Suzuki 140 Outboard Problems: 5 Most-Common Issues

Suzuki Marine’s DF140A is a popular choice of outboard engine for those looking for a lightweight motor without compromising on performance. In addition, the DF140A is equipped with Suzuki’s advanced Lean Burn Fuel Control System, which means that this engine offers great fuel economy without having to hold back on your speed.

This 4 cylinder outboard has also been designed to use aggressive gear ratios that enables these outboards to turn a larger propellor which also increases performance. It’s no wonder that this engine was one of the ones chosen for use at the London Olympic & Paralympic Games Sailing Regatta back in 2012.

However, like with any brand, there are some common problems to look out for.

In this article, we take a look at what those common problems are:

1. Faulty ECU’s (Electric Control Units)

Modern outboard engines share technology with car engines, and an electronic control unit is just one example.

The Electronic Control Unit, or ECU, manages an engine’s timing, the fuel/air mixture, and the spark. So if the ECU is faulty, your outboard engine will either fail to start, or the engine will cut out when idling or lowering the revs.

There are several reports on the Suzuki Forums about faulty Electronic Control Units, and it is an expensive part to replace. However, the good news is that the ECU on an outboard engine can often be repaired or reprogrammed to eliminate the fault.

2. Interior Rust Or Corrosion

While Suzuki has developed an advanced anti-corrosion system which has earned Suzuki outboard engines a good reputation for reliability, durability, and corrosion resistance, there are still some issues with interior rust or corrosion.

This is especially true when an engine is not flushed properly after each use.

Unfortunately, corrosion is a common problem across all outboard engines brands, particularly those used in saltwater. An outboard engines’ anodes help protect against corrosion, but it’s a good idea to check you have the correct ones.

Saltwater anodes are supposed to be zinc, and freshwater anodes a magnesium alloy. These anodes are your first line of defense against corrosion as they will corrode before other metals inside your engine.
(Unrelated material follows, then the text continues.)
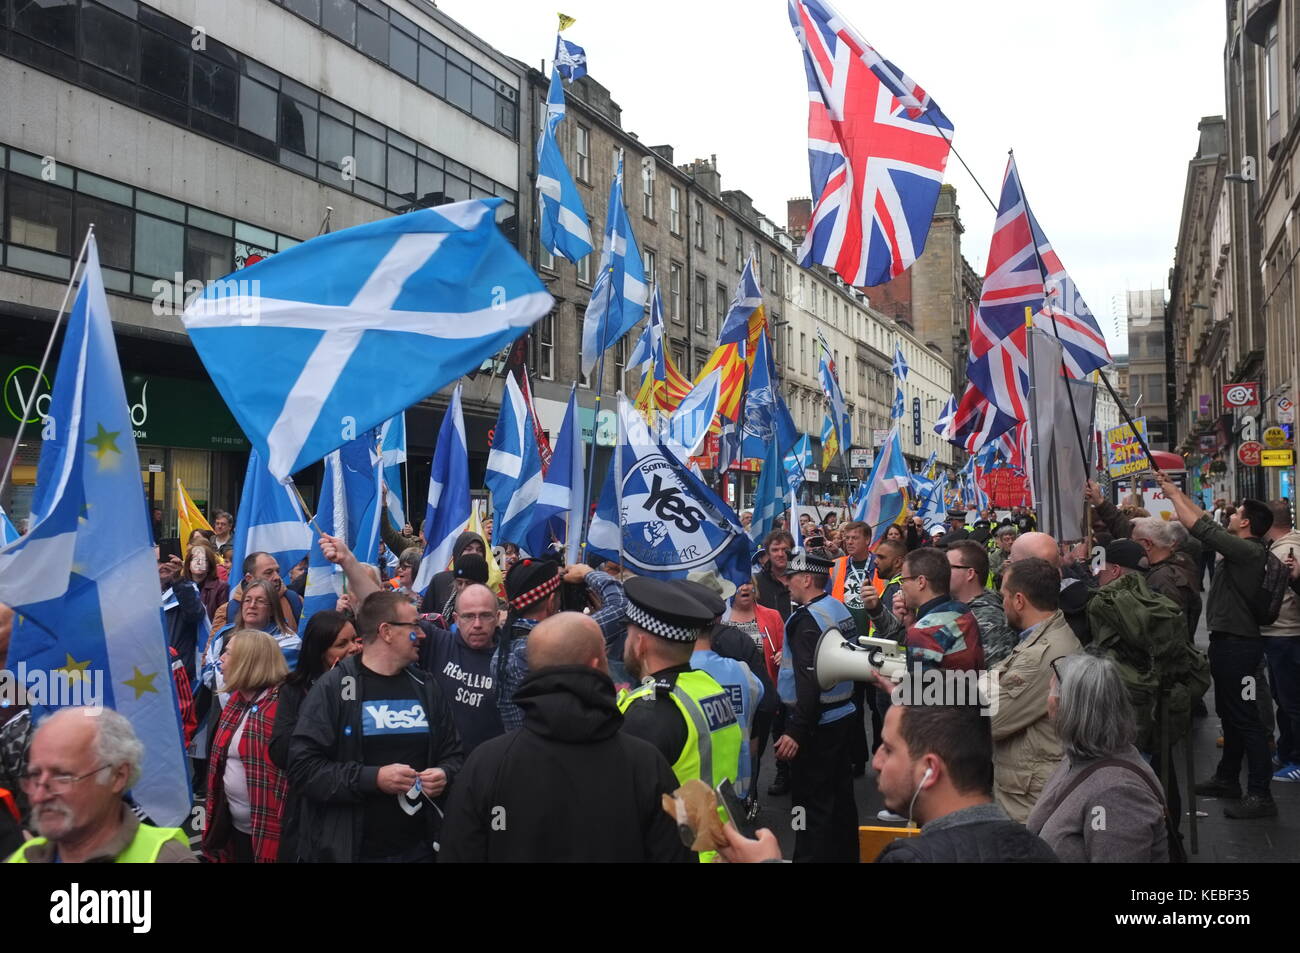 Pro-indépendance rallye organisé par l'espoir sur la peur, Glasgow, Ecosse, Royaume-Uni. 16 septembre 2017. Banque D'Images

In addition, the Suzuki DF140A from 1999 – 2008 is known to have a corrosion problem on a plug located on the engine holder’s port side. It was originally designed for an oxygen sensor that never materialized.

The main problem is that the engine holder is aluminum, but the plug is steel: these two different metals touch and causes corrosion from the inside out. If left unchecked, the plug will erode through the engine holder and blow out the side, or worse, blow internally, causing even more damage.

Unfortunately, Suzuki never admitted to this design fault, and their warranty does not cover rust or corrosion.

3. Issues With The Idle Air Control Valve (IAC)

The Idle Air Control valve or IAC helps an outboard engine maintain idling speed by controlling the amount of air coming into the engine.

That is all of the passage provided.